# First trip to South of France - Questions!



## 89031 (May 12, 2005)

Im sure that these topics have all been covered somewhere in the Forums before but i only have limited time to browse so i seek quick helpful advice.

We are off to S.O.France on 11th June 2005.

We own a 2004 registered Autosleeper Luxor EB and wanted a quick simple journey across or under the water.

Already i am coming up with problems.

I thought it would be simple to just drive to Ashford - hop on a freight train - cos were 23' long, 11' tall and 7'6" wide - and drive off the other side on our way south.

Wrong!

First - we have an onboard fixed generator operated by LPG. - Eurotunnel state that they will not accept any vehicles that operate with LPG - empty or full. 

Is this really the case or just website Bull*$%@

We can't get on Hoverspeed cos were too long so that leaves us with standard ferry crossing.

Any offers of advice for the best operator to use and the best time of day to go and has anyone suffered similar problems in the past.

Is there any other nasty that might jump up and bite us while we are preparing for this trip?

Things like - Travel packs (light bulbs, triangles etc), Extra Europe AA cover, French driving laws, Bullet proof vests etc;


Many thanks in advance for your help.

Trecker
being Tony & Margy

ps - we are only going for 2 weeks this time.


----------



## 88781 (May 9, 2005)

Hi Trecker,



> First - we have an onboard fixed generator operated by LPG. - Eurotunnel state that they will not accept any vehicles that operate with LPG -


 That ruling applies to 'Dualfuel' vehicles, i.e. the engine that powers the car which has been modified to run on petrol or LPG.

Not bottled gas for your oven, fridge etc. they will on arrival ask if you are carrying the stuff, and may want to check that the supply is turned off, and that any storage bottles are secured.

Ferries are the cheapest option, and the Dover/calais route is most favoured, a search on this site using "ferries" as a keyword will give you plenty to look at!

How far, and where in the SoF are you going? we could offer more advice if you let us know...

Regds M&D


----------



## 89031 (May 12, 2005)

*Trip to south of france*

Hi M & D

Thanks for the comment.

This is a generator built into the chasis which has it's own LPG supply source - refillable from petrol station gas pumps - not the the standard gas bottle.

Does that make a difference?

We are going down to the Marseilles area - can't remember the village names at the moment.

I think one of them is Margon and the other is Beaumes de Venise

Regards
Trecker
being Tony & Margy


----------



## 88781 (May 9, 2005)

I think you will be fine on tunnel Trecker.

See Here


----------



## 89031 (May 12, 2005)

*Travelling through Eurotunnel*

Hi all,
Just had an informative e-mail back from the help desk at Eurotunnel.
It reads as follows.....

Ref: 314855

Dear Trecker, (thats not what they really put)

Thank you for contacting us.

Caravans, Campervans, Motorhomes and other Recreational Vehicles fitted with LPG tanks for the purpose of heating, lighting, cooking or refrigeration are eligible to use our service.

Customers wishing to use our service with a vehicle fitted with an LPG tank are asked to note the following conditions.

The tank must be part of the standard equipment of the vehicle.

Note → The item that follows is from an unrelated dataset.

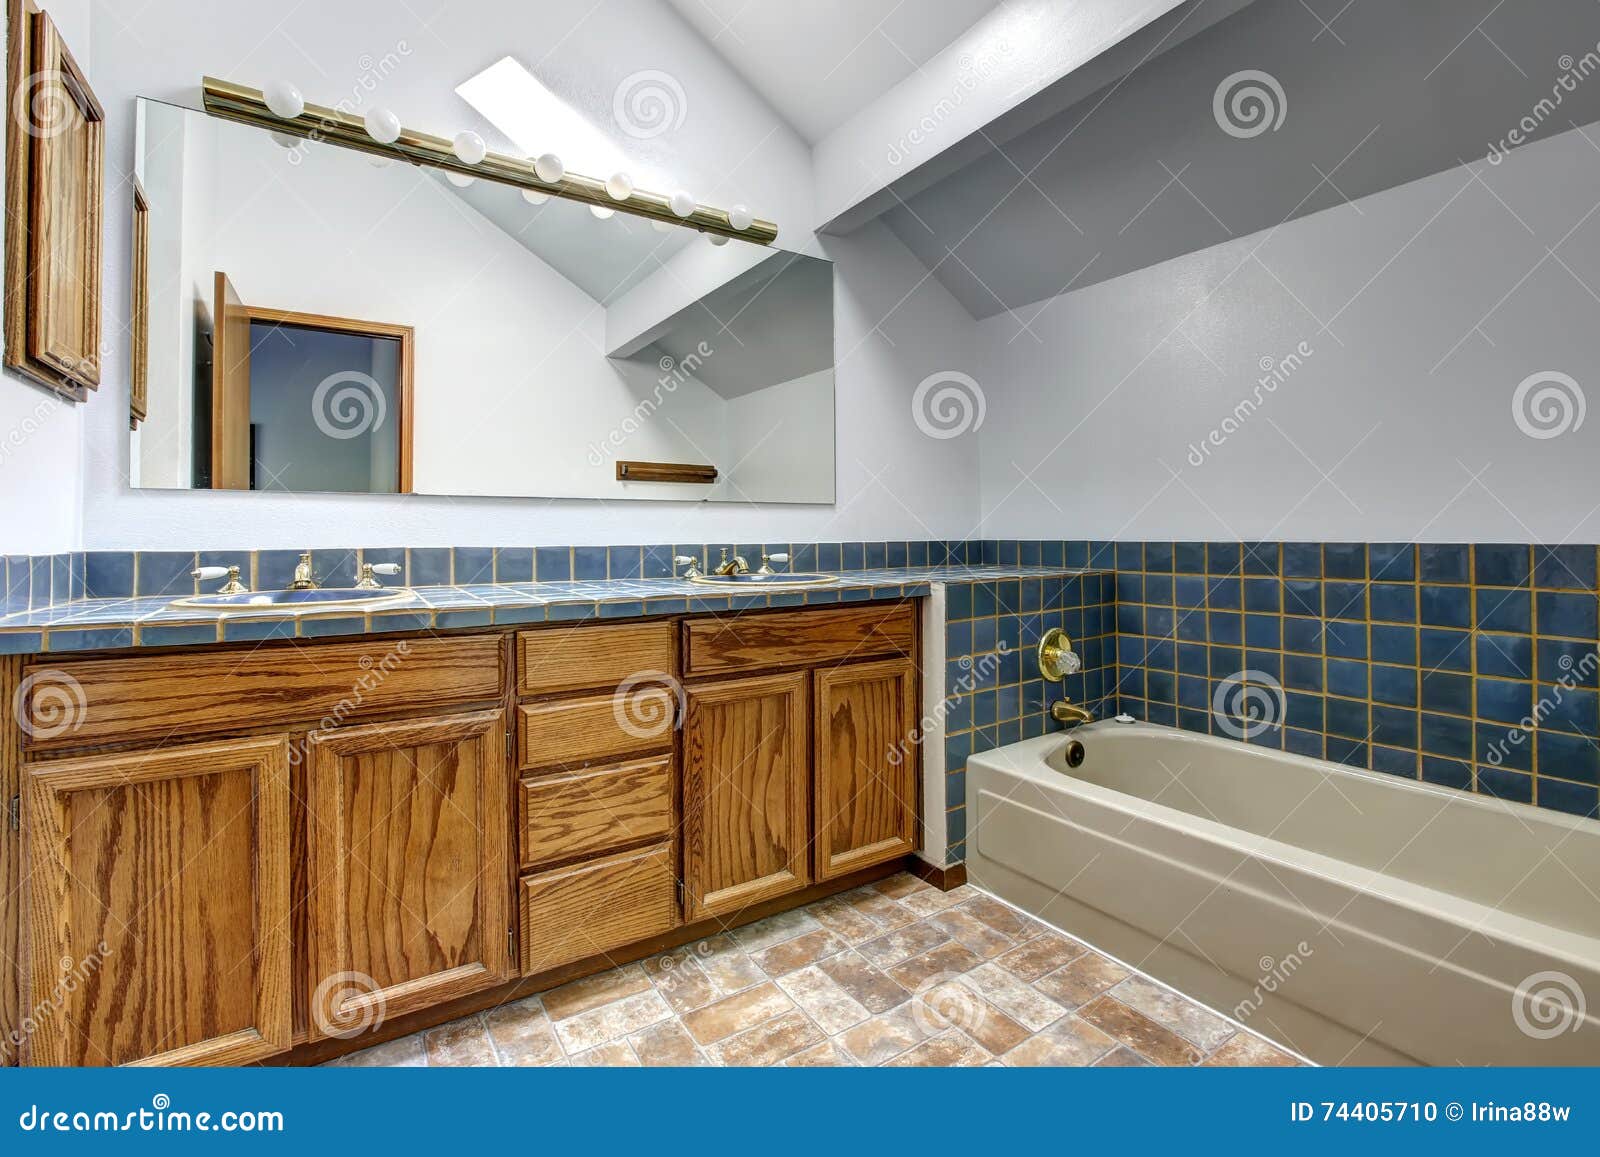 Bright Bathroom With Vaulted Ceiling And Blue Tile Wall Trim Stock

The tank/vehicle must be fitted with a capacity gauge. 
The tank must not be filled to more than 80% of its capacity. The amount of gas carried in the tank must not exceed 73 litres or 47kg. All valves must be in the off position.

The maximum length allowed for any vehicle on our tourist shuttle is 18 m, the maximum height is 4.20 m on our single deck carriages (where all high vehicles travel) and the maximum width is 2.50 m.

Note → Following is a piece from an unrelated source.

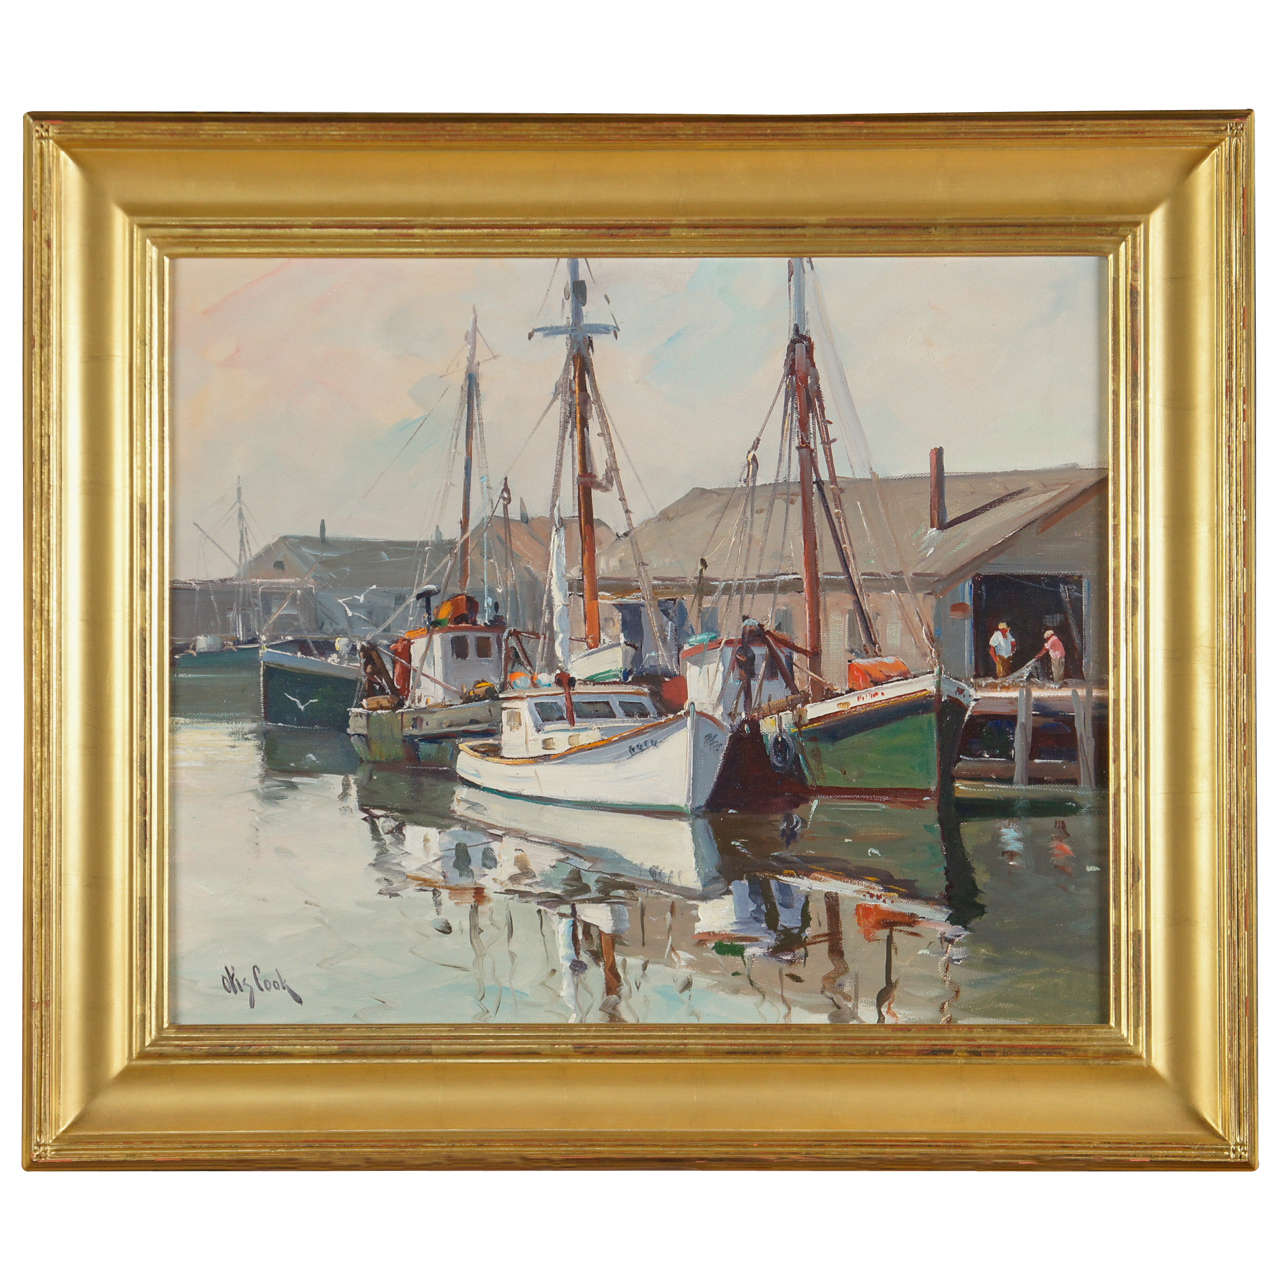 American Oil on Canvas, "Gloucester Harbor" by Otis Cook

Dual powered vehicles are not accepted on our trains.

We hope that we have answered your queries.

Regards,

Dominique Legrand
Eurotunnel Passenger Customer Relations
Tel. UK 01303 271444 Continent 0033 (0)321 00 63 64
Fax UK 01303 272690 Continent 0033 (0)321 00 63 09
[email protected]


----------



## 92821 (May 1, 2005)

Hi Trecker

I hope I can be of help - depending on which route you are going, we have a campsite at Liqueil 20 min's from the A10. 

We can accommodate you for both your to & from stop overs.

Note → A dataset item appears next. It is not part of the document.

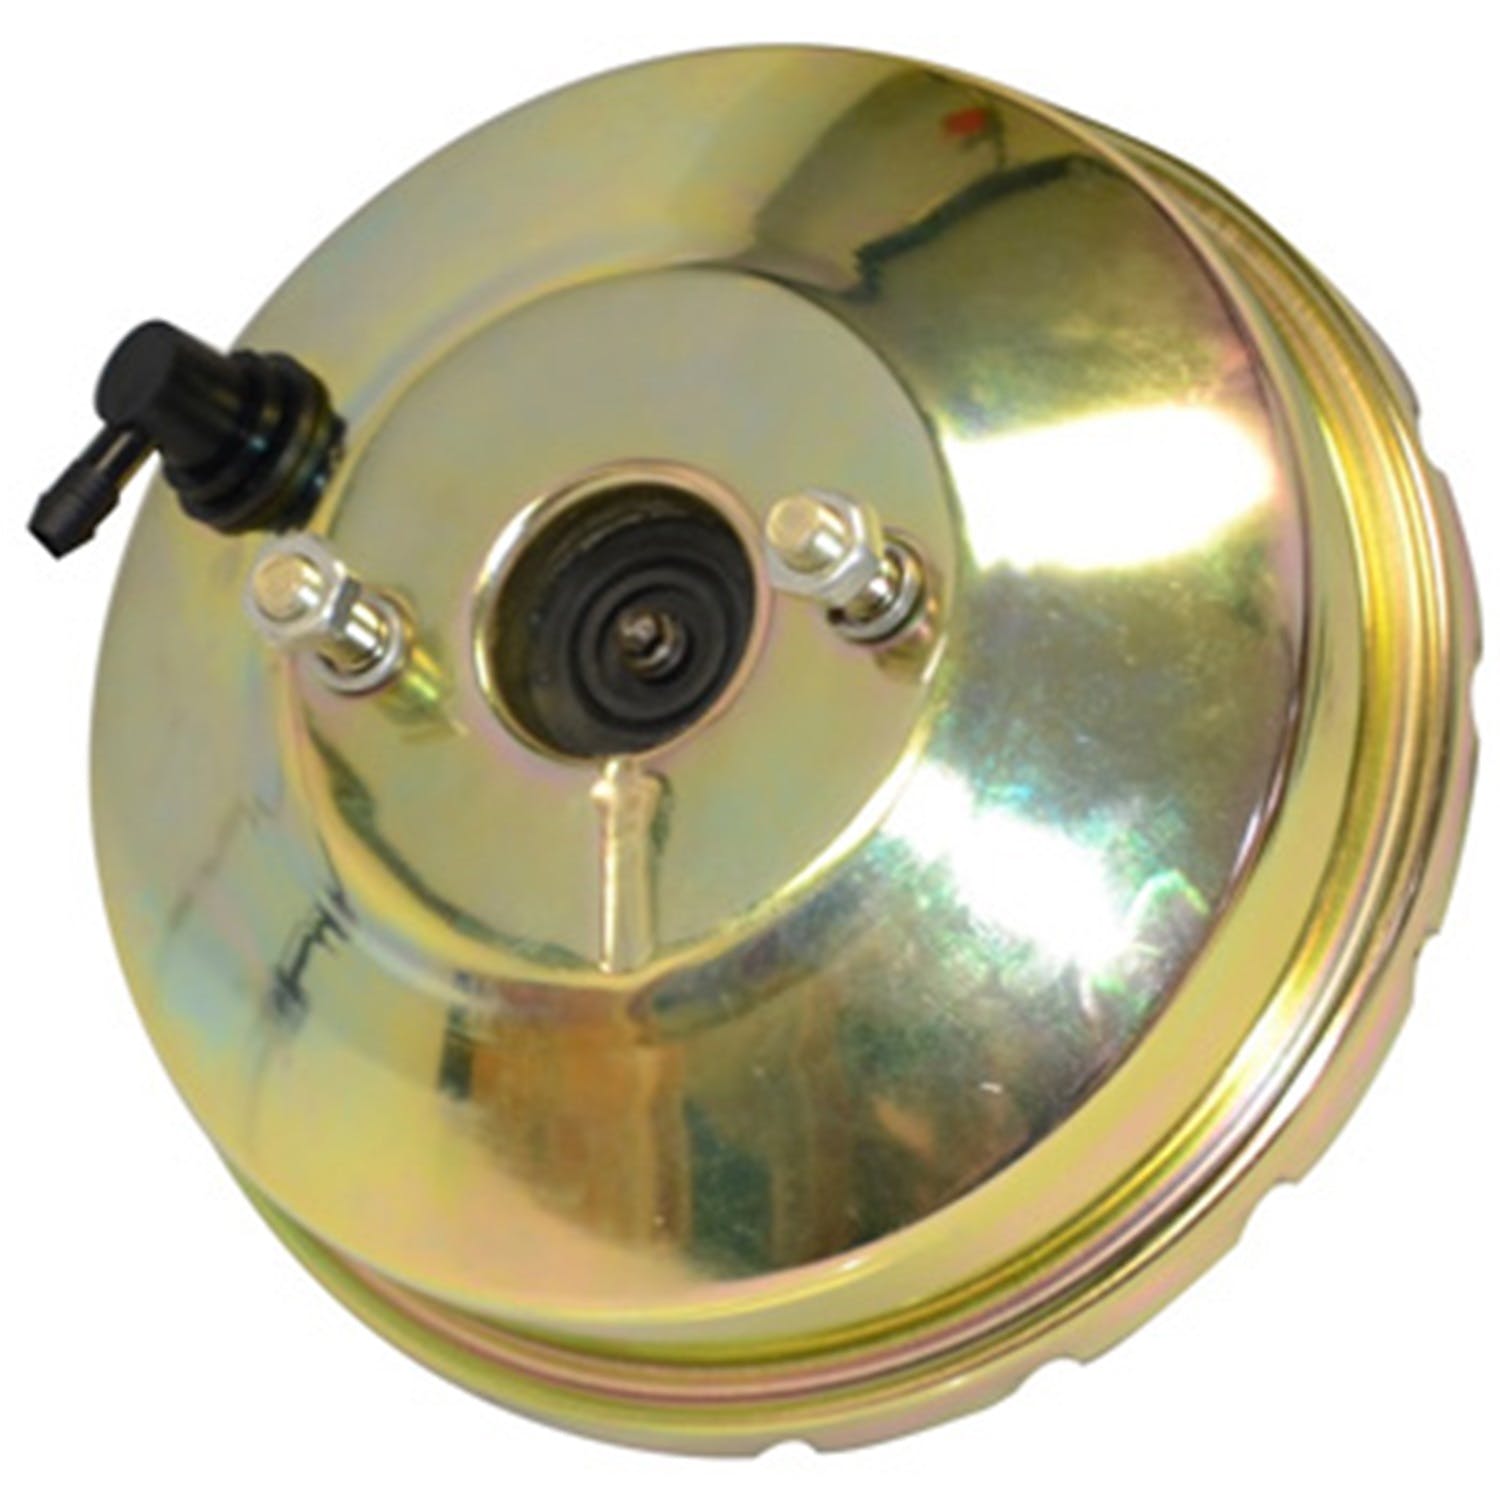 Stainless Steel Brakes 28138 9in. booster only

Please feel free to email or phone for further details.


----------



## Anonymous (Nov 10, 2000)

Loire said:


> Hi Trecker
> 
> I hope I can be of help - depending on which route you are going, we have a campsite at Liqueil 20 min's from the A10.
> 
> ...


As your website isn't quite ready yet, I would like some details if possible and where you are situated I would imagine many of us would like further details. Perhaps they could be posted on here some where if that is PC.


----------



## 88781 (May 9, 2005)

Do we mean Liguiel, and not Liquiel :?: :?


----------